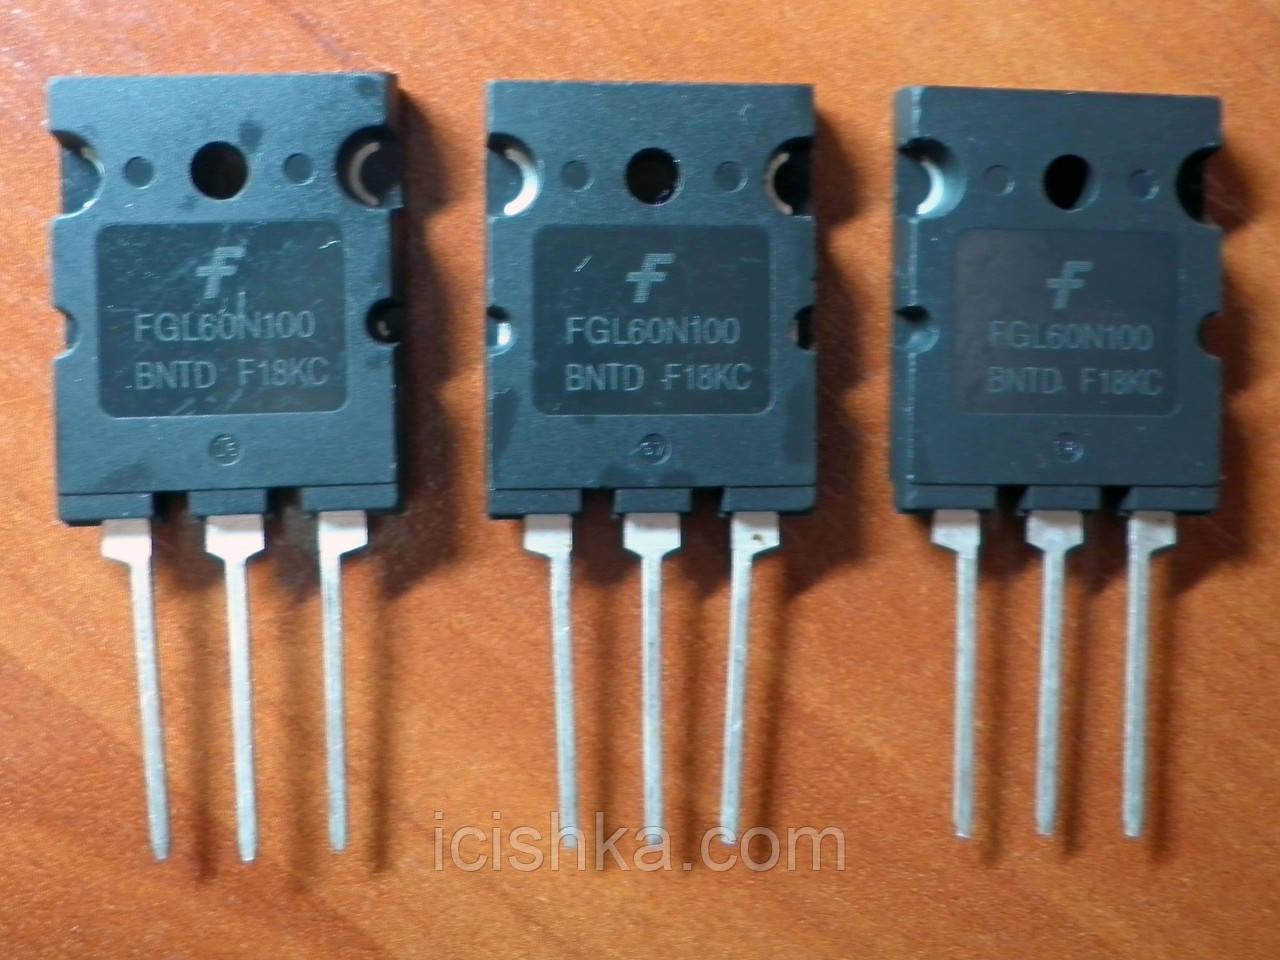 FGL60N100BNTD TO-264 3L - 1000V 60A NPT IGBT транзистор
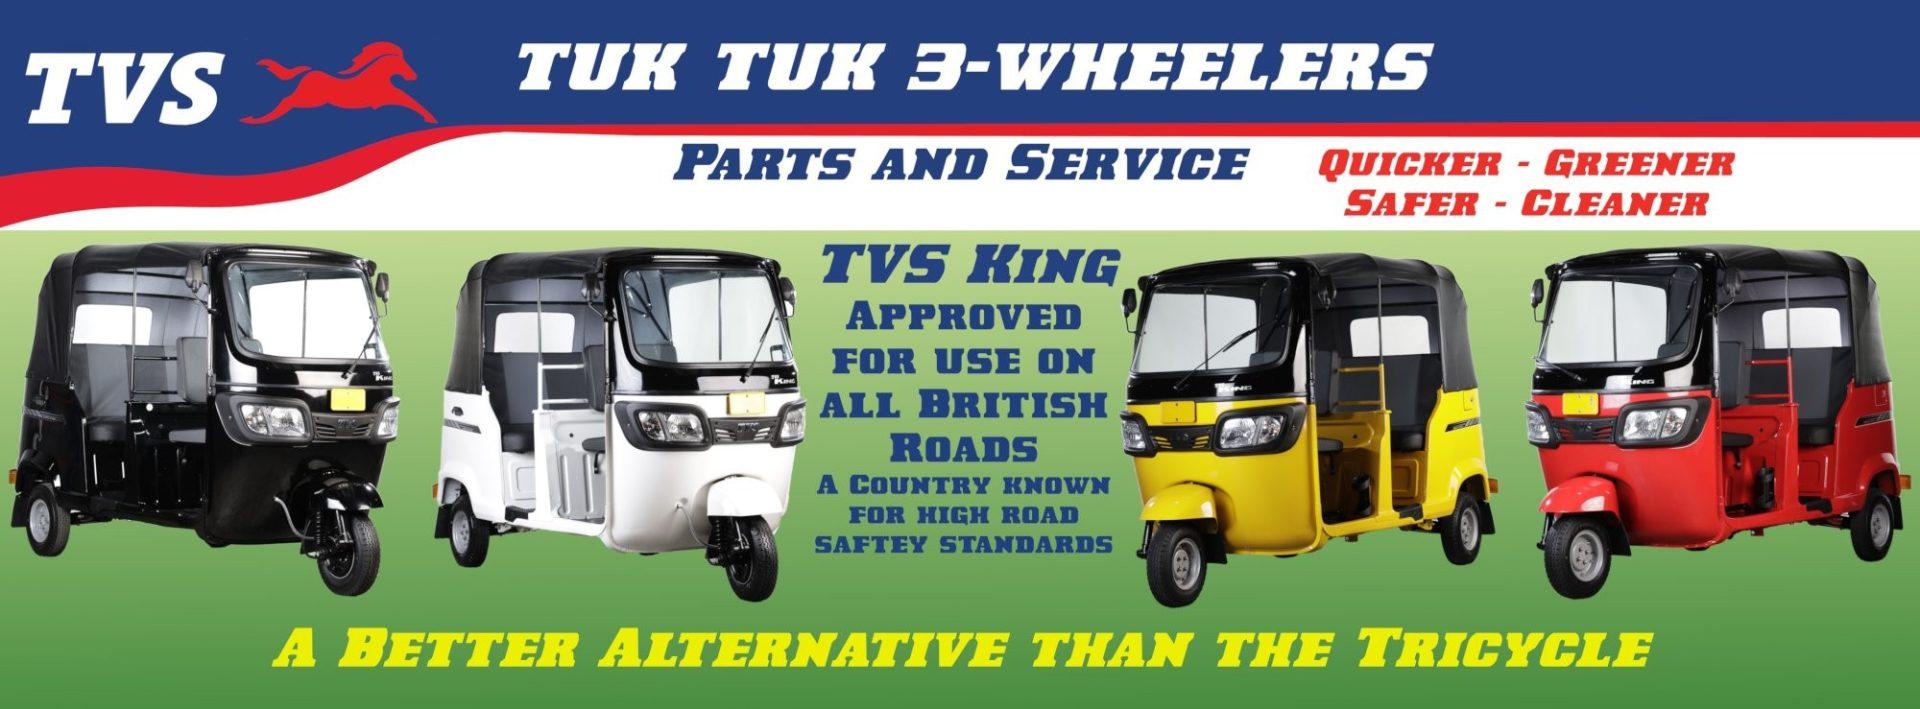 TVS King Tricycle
==
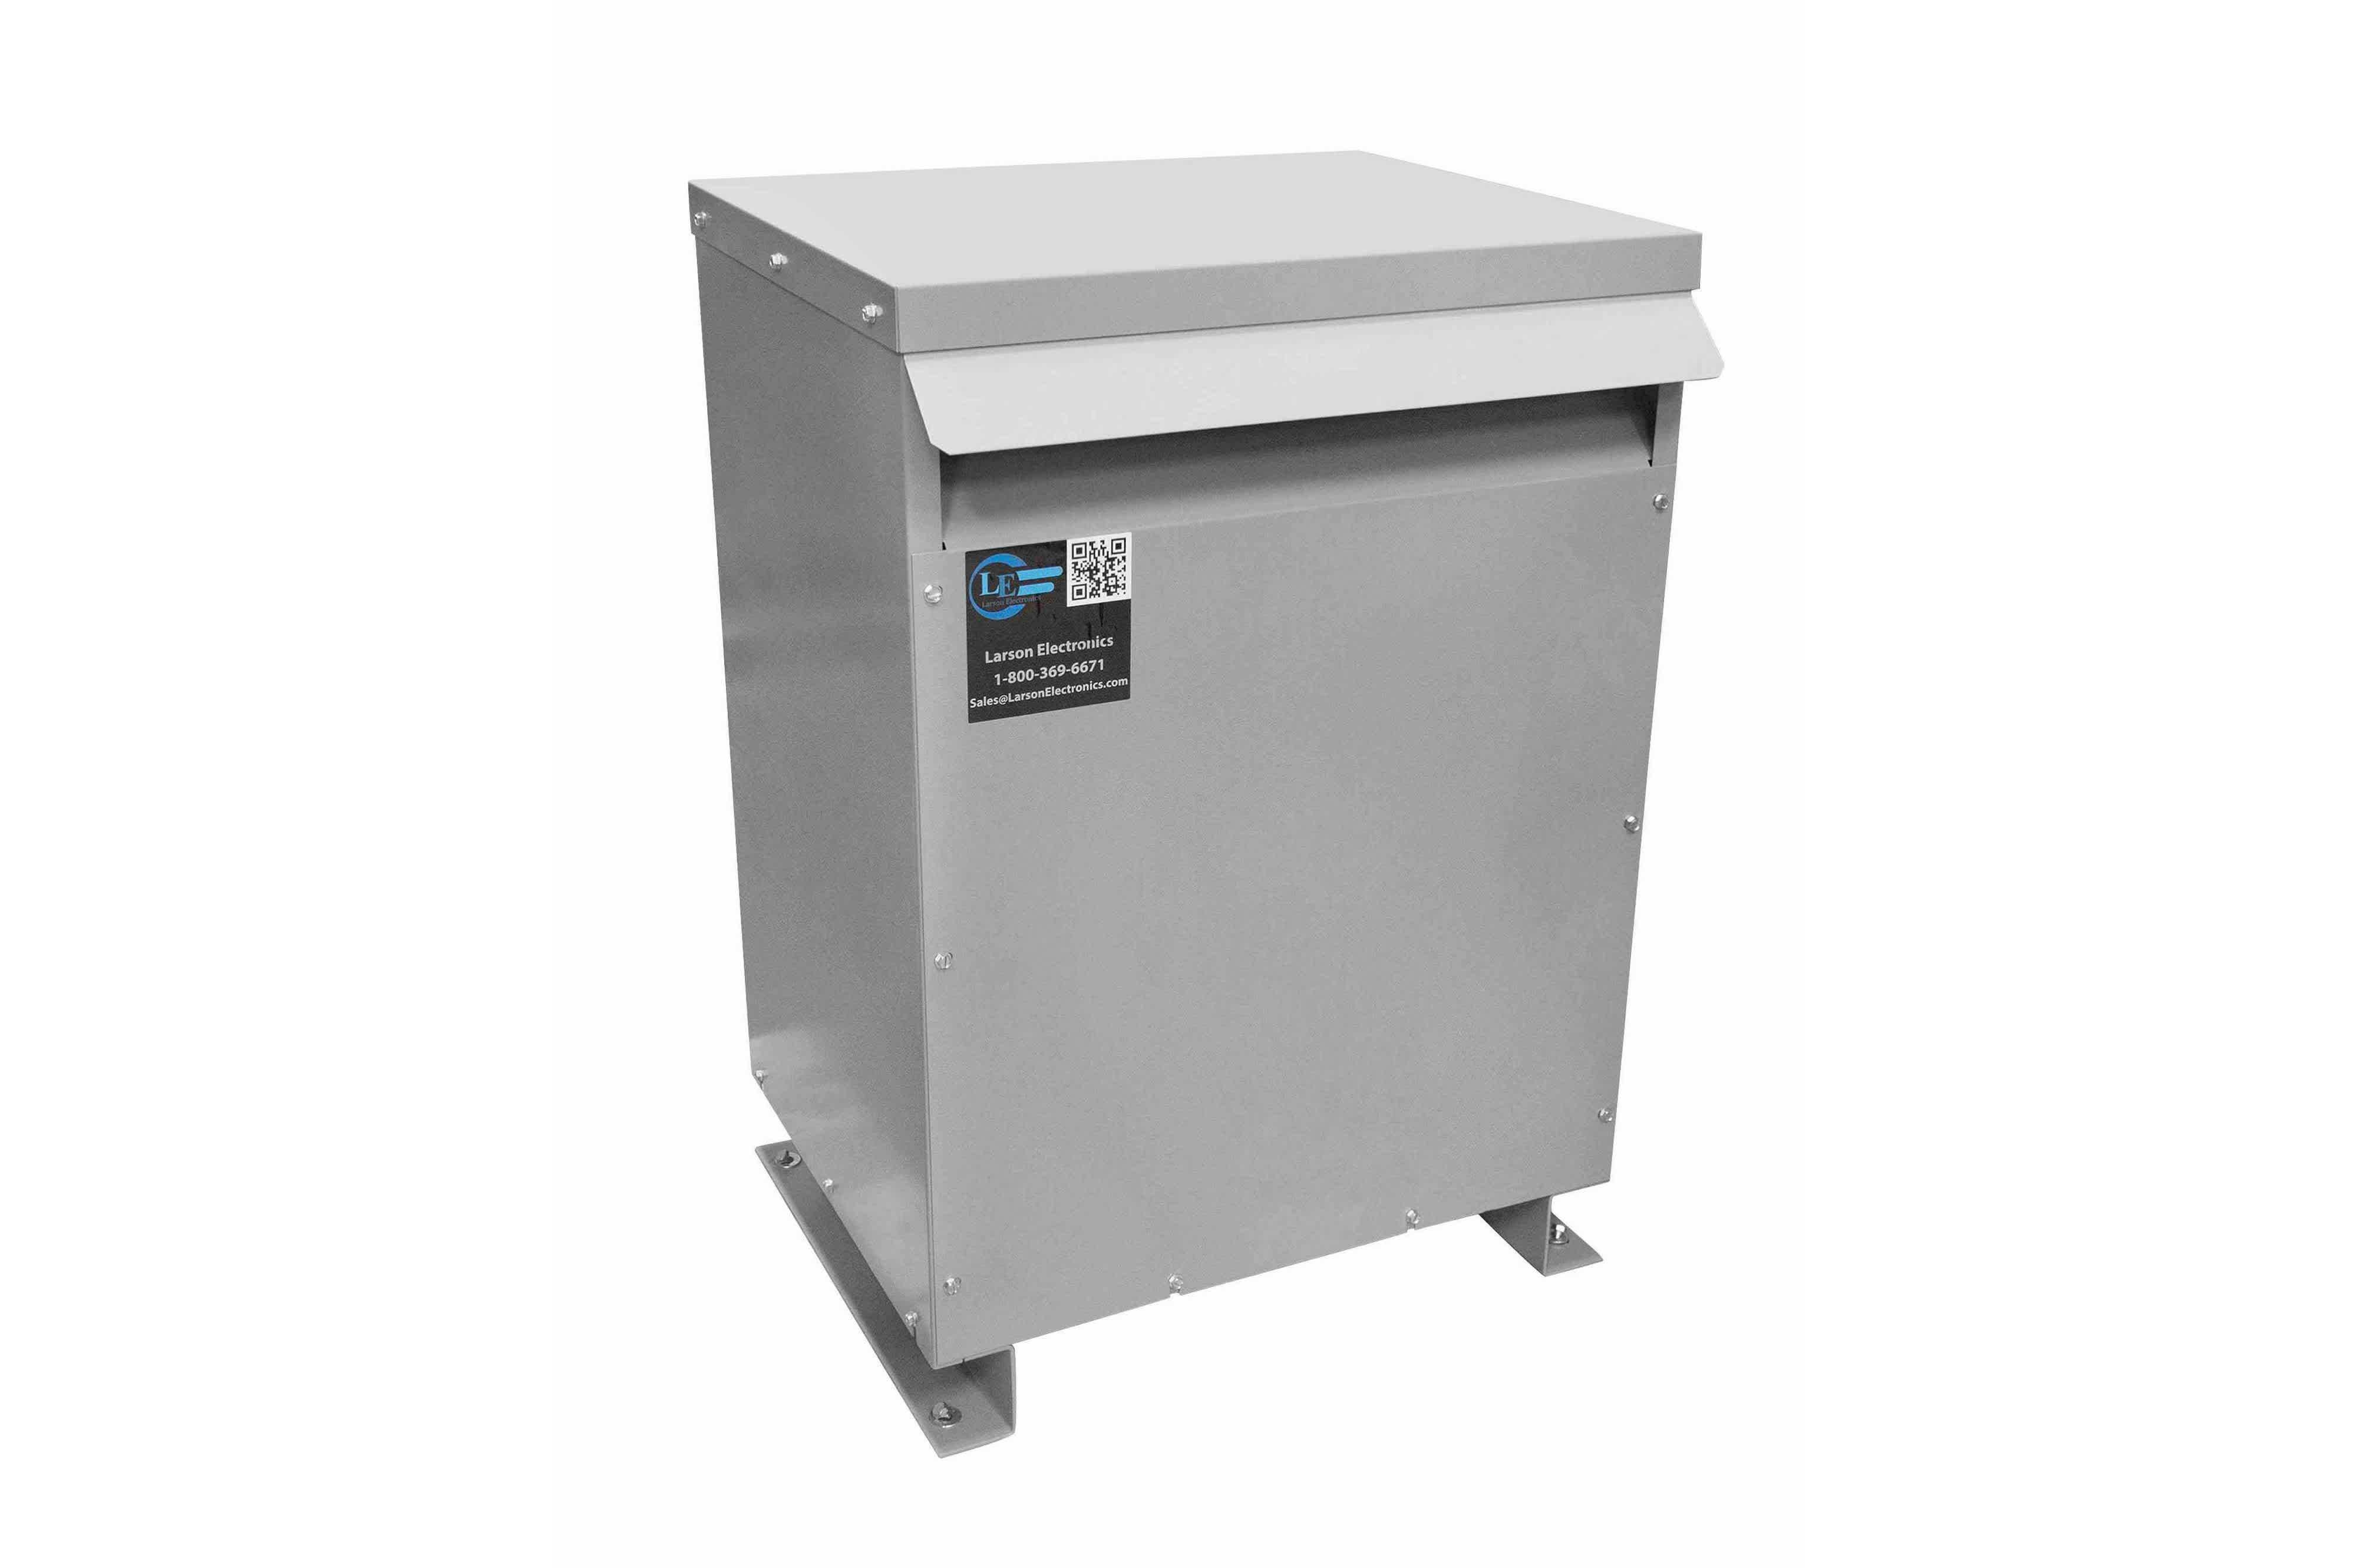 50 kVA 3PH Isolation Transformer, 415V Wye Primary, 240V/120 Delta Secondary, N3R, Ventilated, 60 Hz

_WORK REQUEST_.
Output exactly the lines above that lie between the line with "FGL60N100BNTD TO-264 3L" and the line with "TVS King Tricycle", those two lines included, and no pictures.

_RESULT FOR THIS TASK_.
 FGL60N100BNTD TO-264 3L - 1000V 60A NPT IGBT транзистор
 TVS King Tricycle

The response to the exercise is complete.